Park Young-Hun, Kim Jinsoo, Kim Seung-Soo, Park Young-Kwon
College of Environment and Applied Chemistry, Kyung Hee University, Yongin, Gyeonggi-do, Republic of Korea.
Bioresour Technol. 2009 Jan;100(1):400-5. doi: 10.1016/j.biortech.2008.06.040. Epub 2008 Aug 9.
In this work, pyrolysis characteristics were investigated using thermogravimetric analysis (TGA) at heating rates of 5-20 degrees C/min. Most of the materials were decomposed between 330 degrees C and 370 degrees C at each heating rate. The average activation energy was 236.2 kJ/mol when the pyrolytic conversion increased from 5% to 70%. The pyrolysis kinetics of oak trees was also investigated experimentally and mathematically. The experiments were carried out in a tubing reactor at a temperature range of 330-370 degrees C with a reaction time of 2-8 min. A lump model of combined series and parallel reactions for bio-oil and gas formation was proposed. The kinetic parameters were determined by nonlinear least-squares regression from the experimental data. It was found from the reaction kinetic constants that the predominant reaction pathway from the oak trees was to bio-oil formation rather than to gas formation at the investigated temperature range.

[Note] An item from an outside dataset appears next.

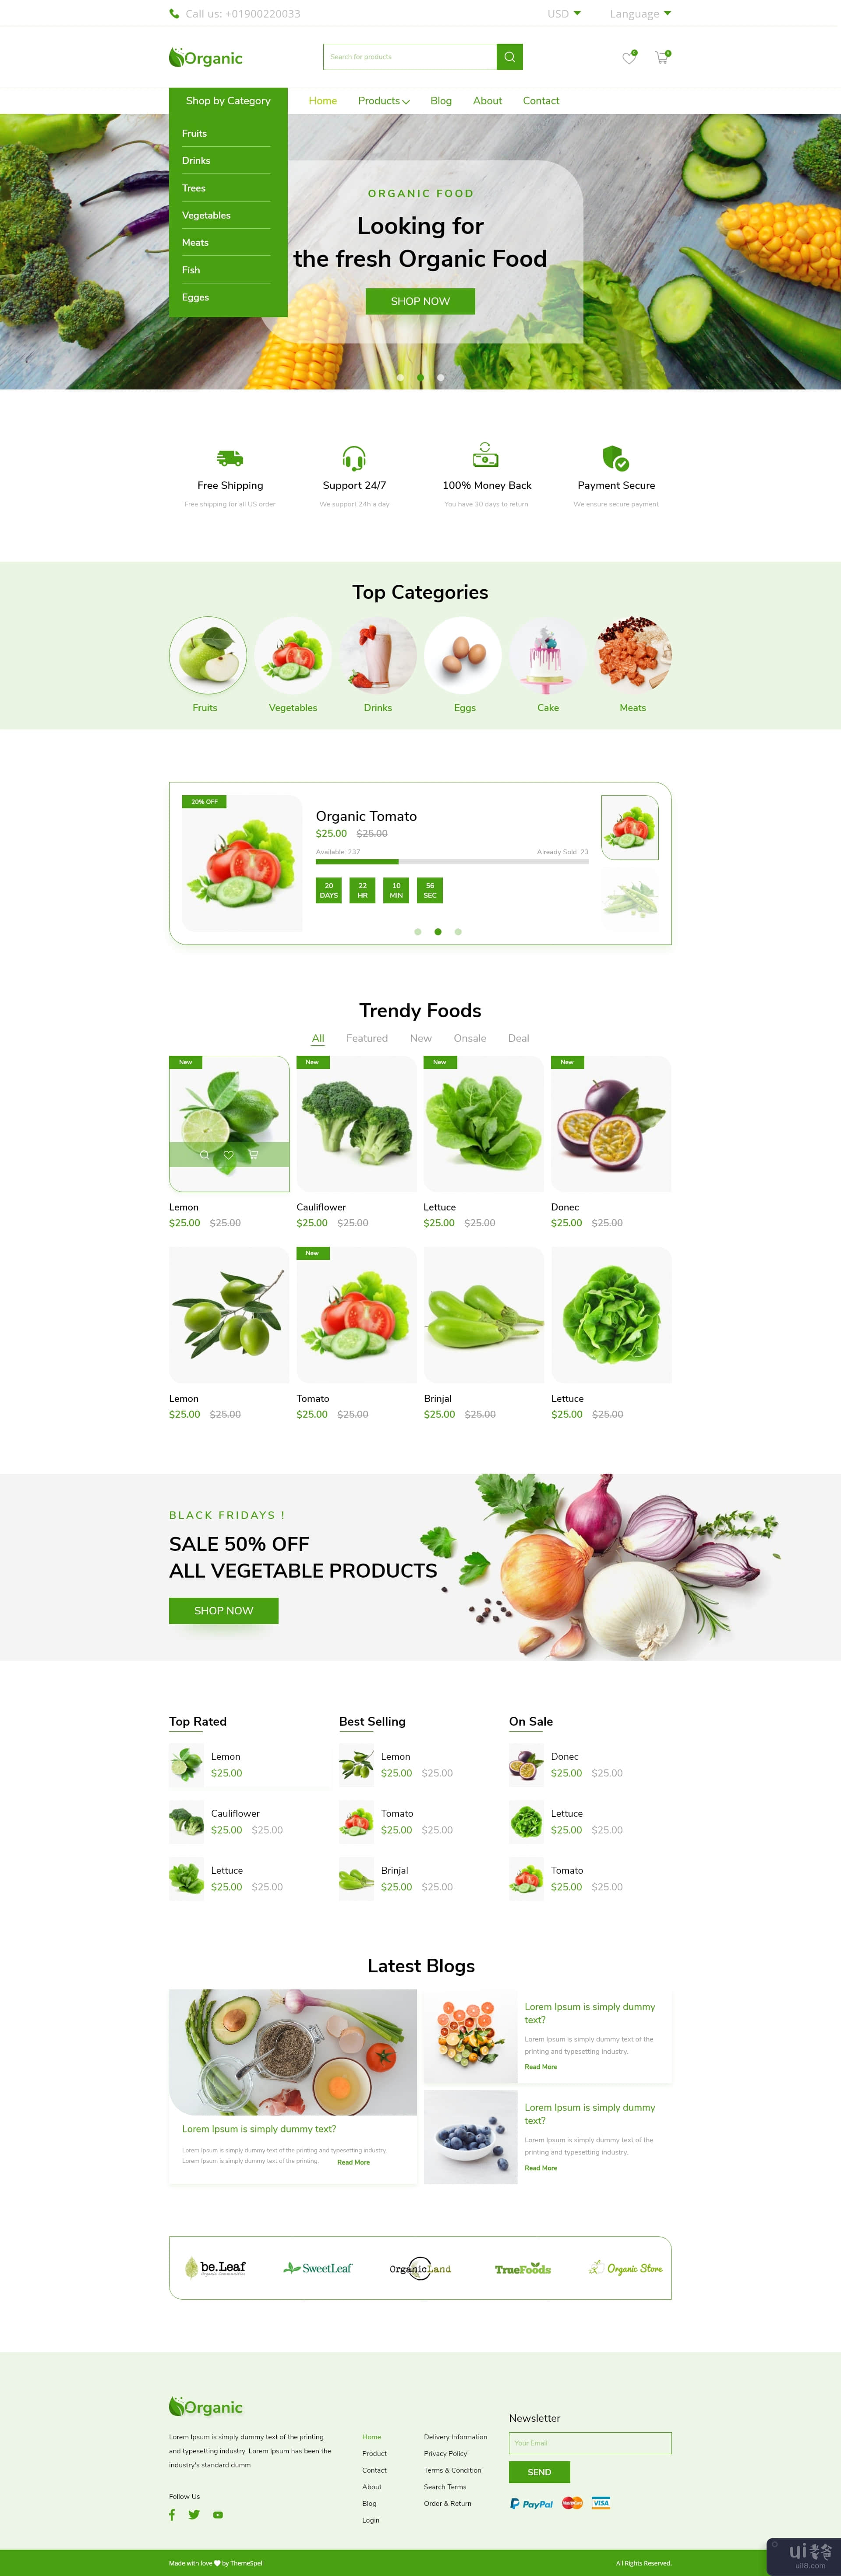 有机-有机食品网站UI设计(Organic-Organic Food Website UI Design)插图

在这项工作中,使用热重分析(TGA)在5 - 20℃/分钟的加热速率下研究了热解特性。在每个加热速率下,大多数材料在330℃至370℃之间分解。当热解转化率从5%增加到70%时,平均活化能为236.2 kJ/mol。还通过实验和数学方法研究了橡树的热解动力学。实验在管式反应器中于330 - 370℃的温度范围内进行,反应时间为2 - 8分钟。提出了一个用于生物油和气体形成的串联和并联反应组合的集总模型。动力学参数通过对实验数据进行非线性最小二乘回归确定。从反应动力学常数发现,在所研究的温度范围内,橡树的主要反应途径是形成生物油而不是形成气体。